WORK REQUIRED - Retype the whole listing, please, keeping every line exact and dropping the pictures.

COLLECTED DATA -
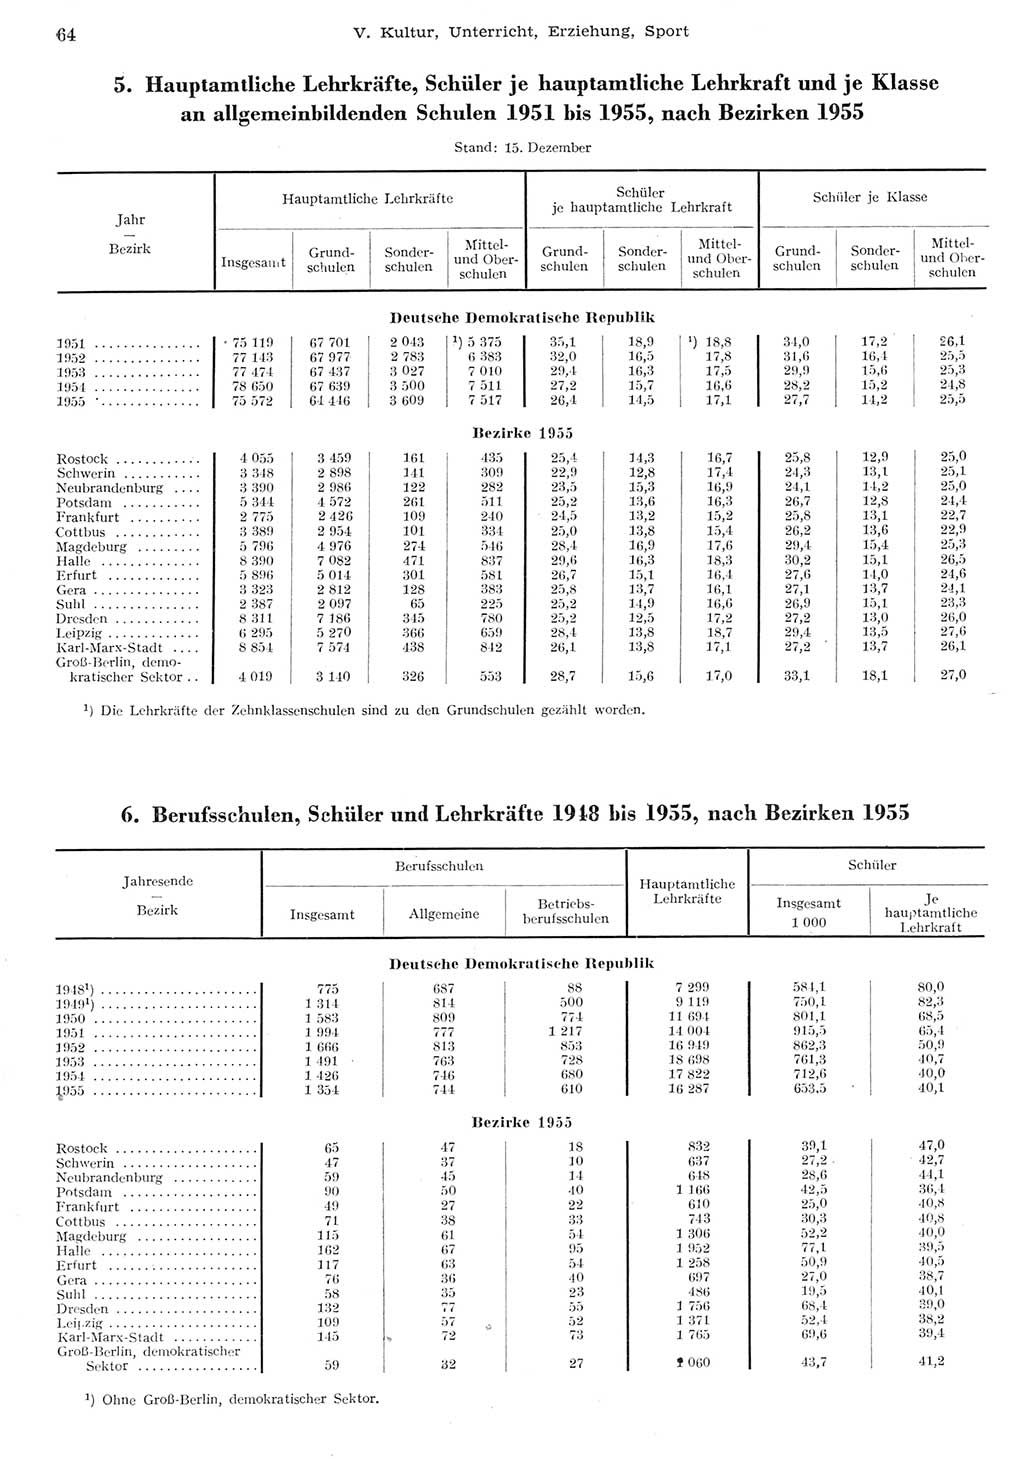 Statistisches Jahrbuch der Deutschen Demokratischen Republik (DDR) 1955, Seite 64 (Stat. Jb. DDR 1955, S. 64)
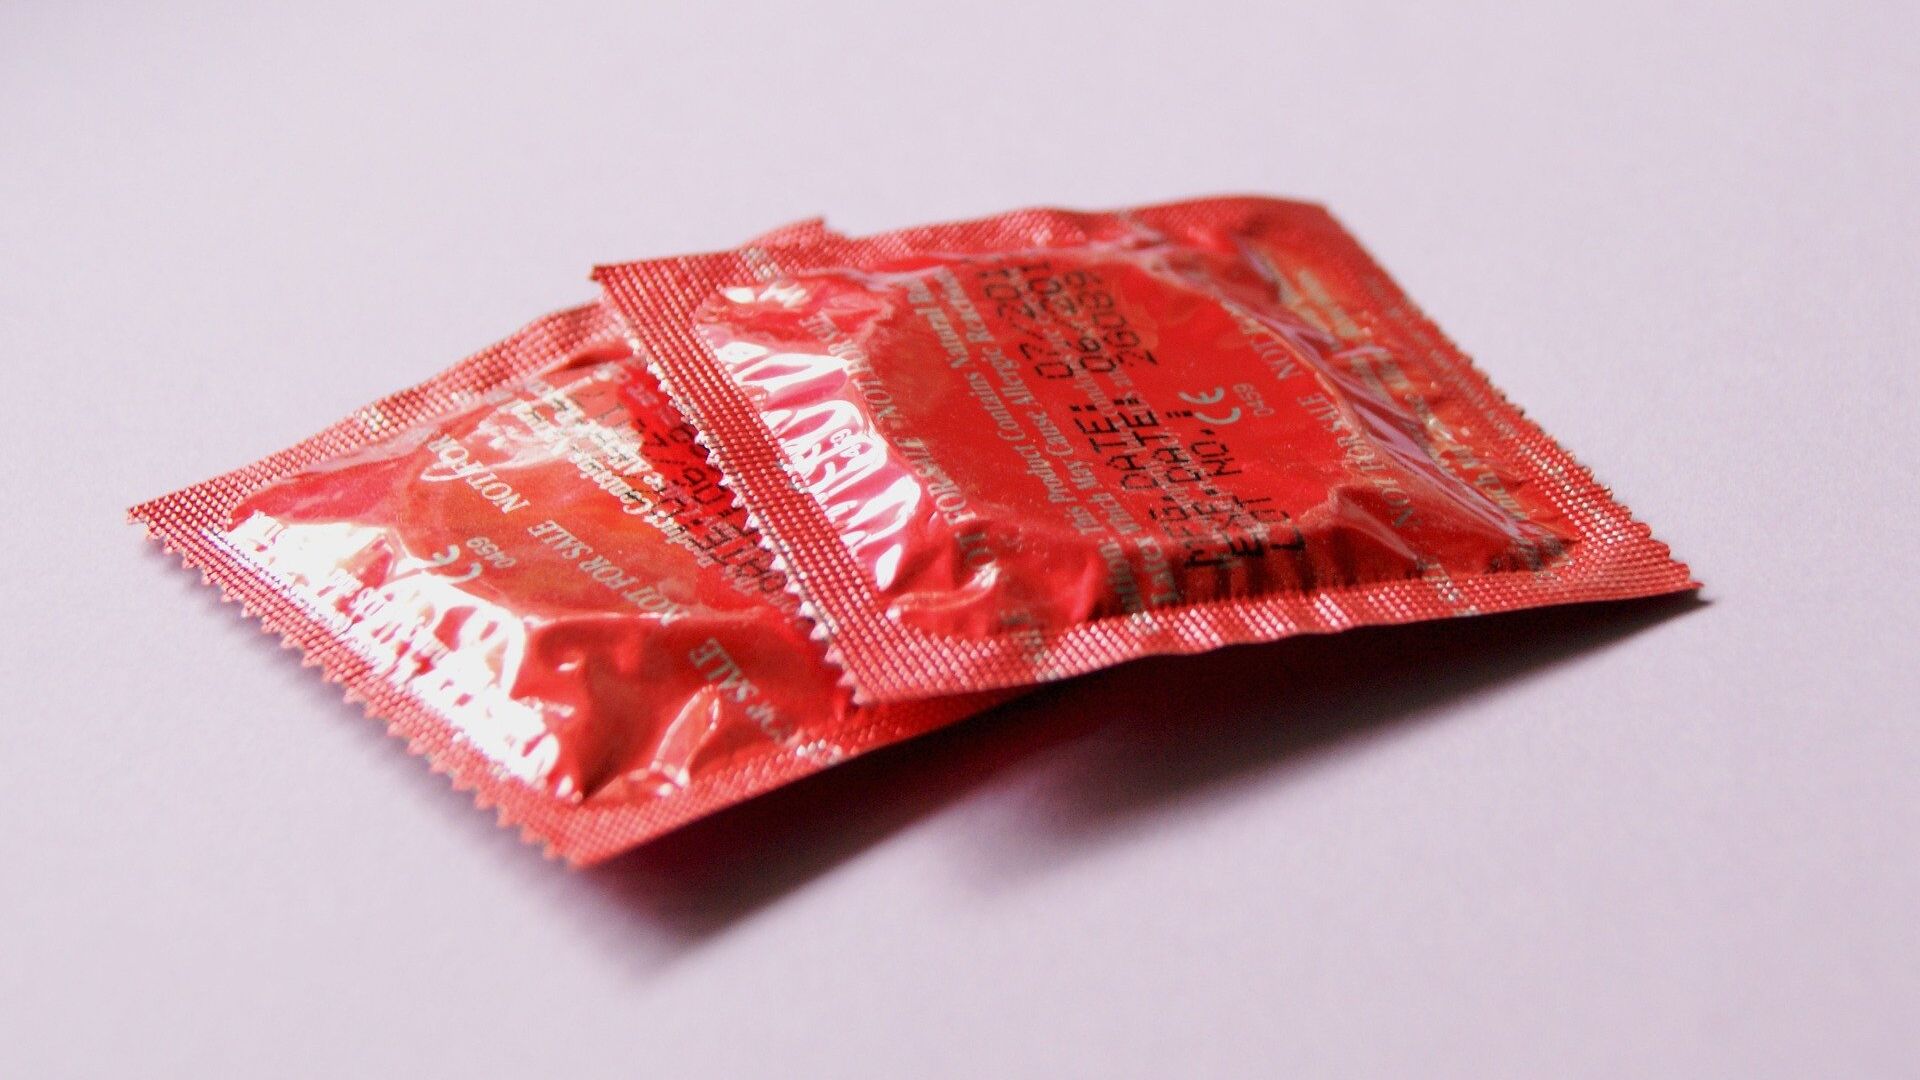 Condoms - Sputnik International, 1920, 09.07.2021
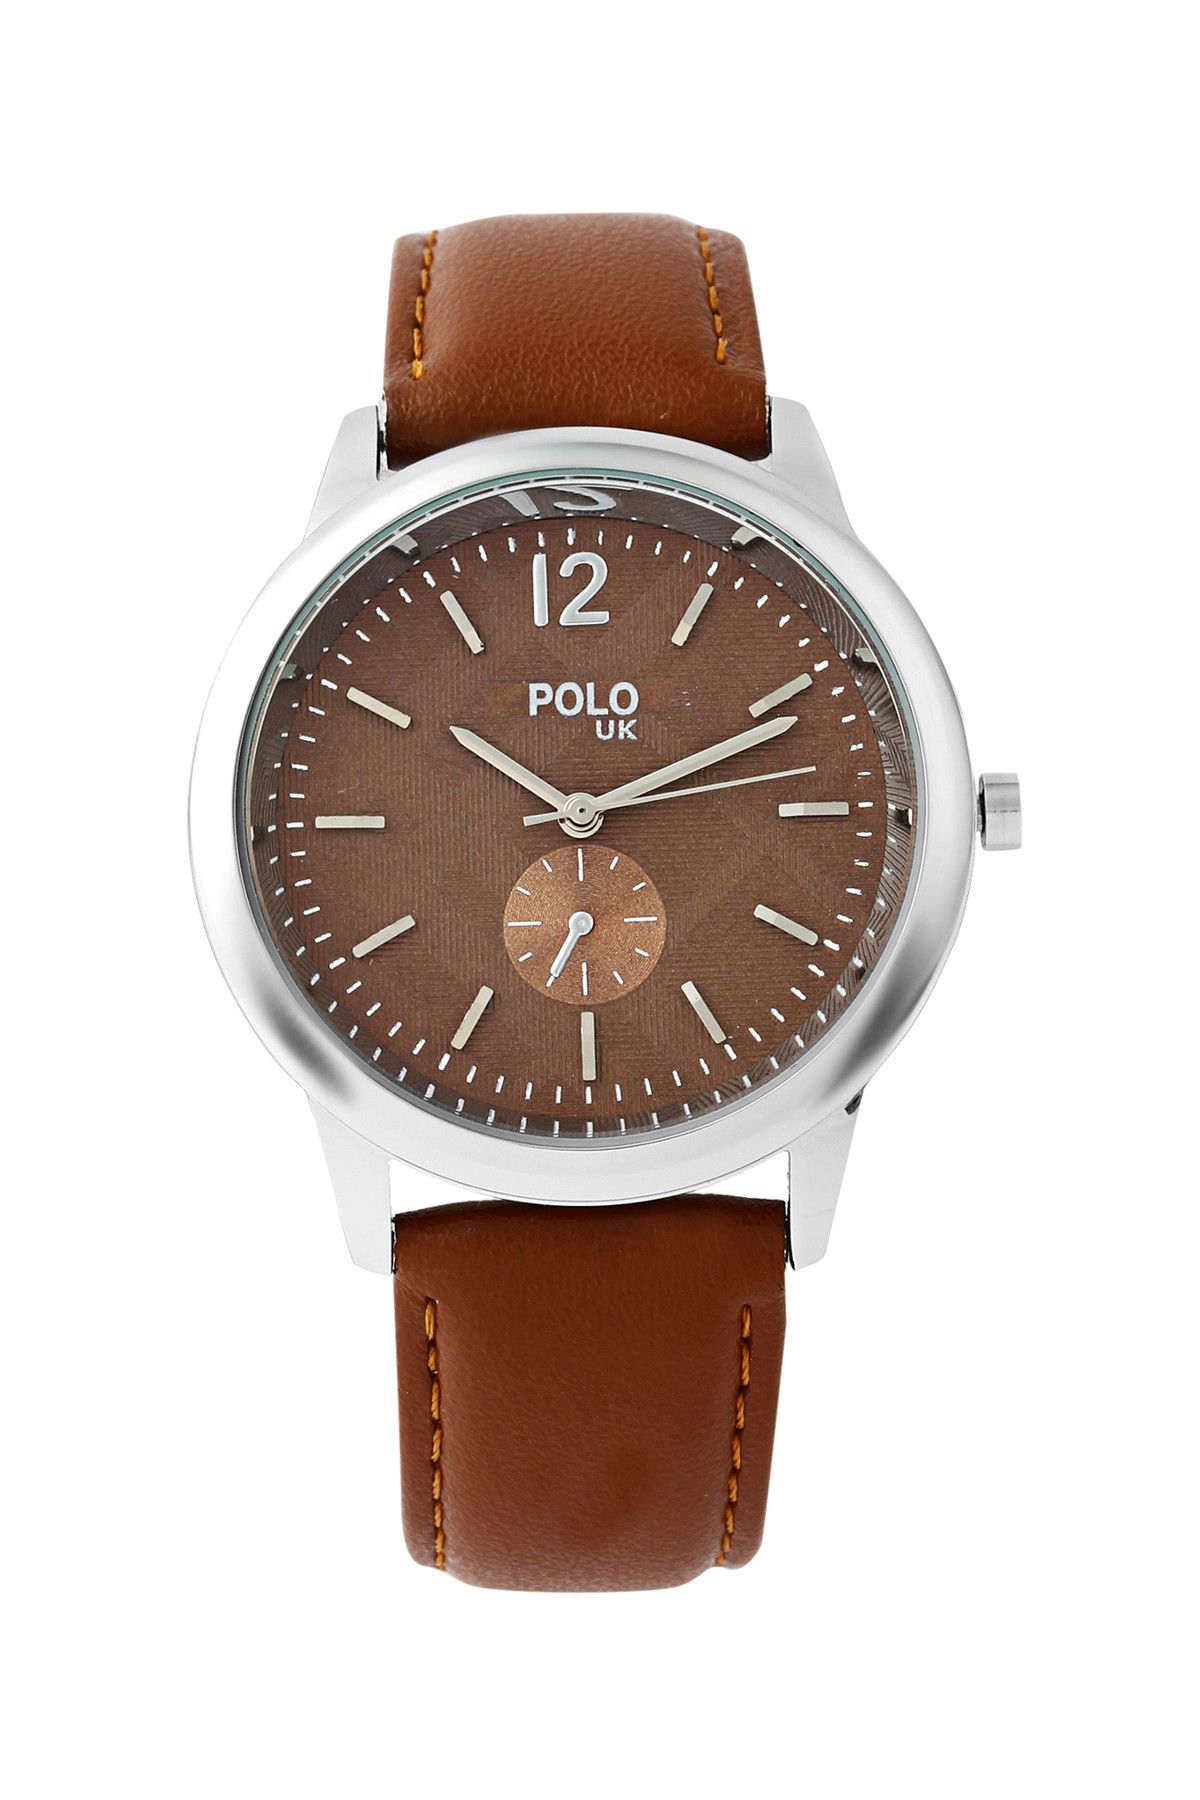 Polo U.K. Kadın Kol Saati POLOUK 1408

SOLUTION FOR THIS EXERCISE -
 Statistisches Jahrbuch der Deutschen Demokratischen Republik (DDR) 1955, Seite 64 (Stat. Jb. DDR 1955, S. 64)
 Condoms - Sputnik International, 1920, 09.07.2021
 Polo U.K. Kadın Kol Saati POLOUK 1408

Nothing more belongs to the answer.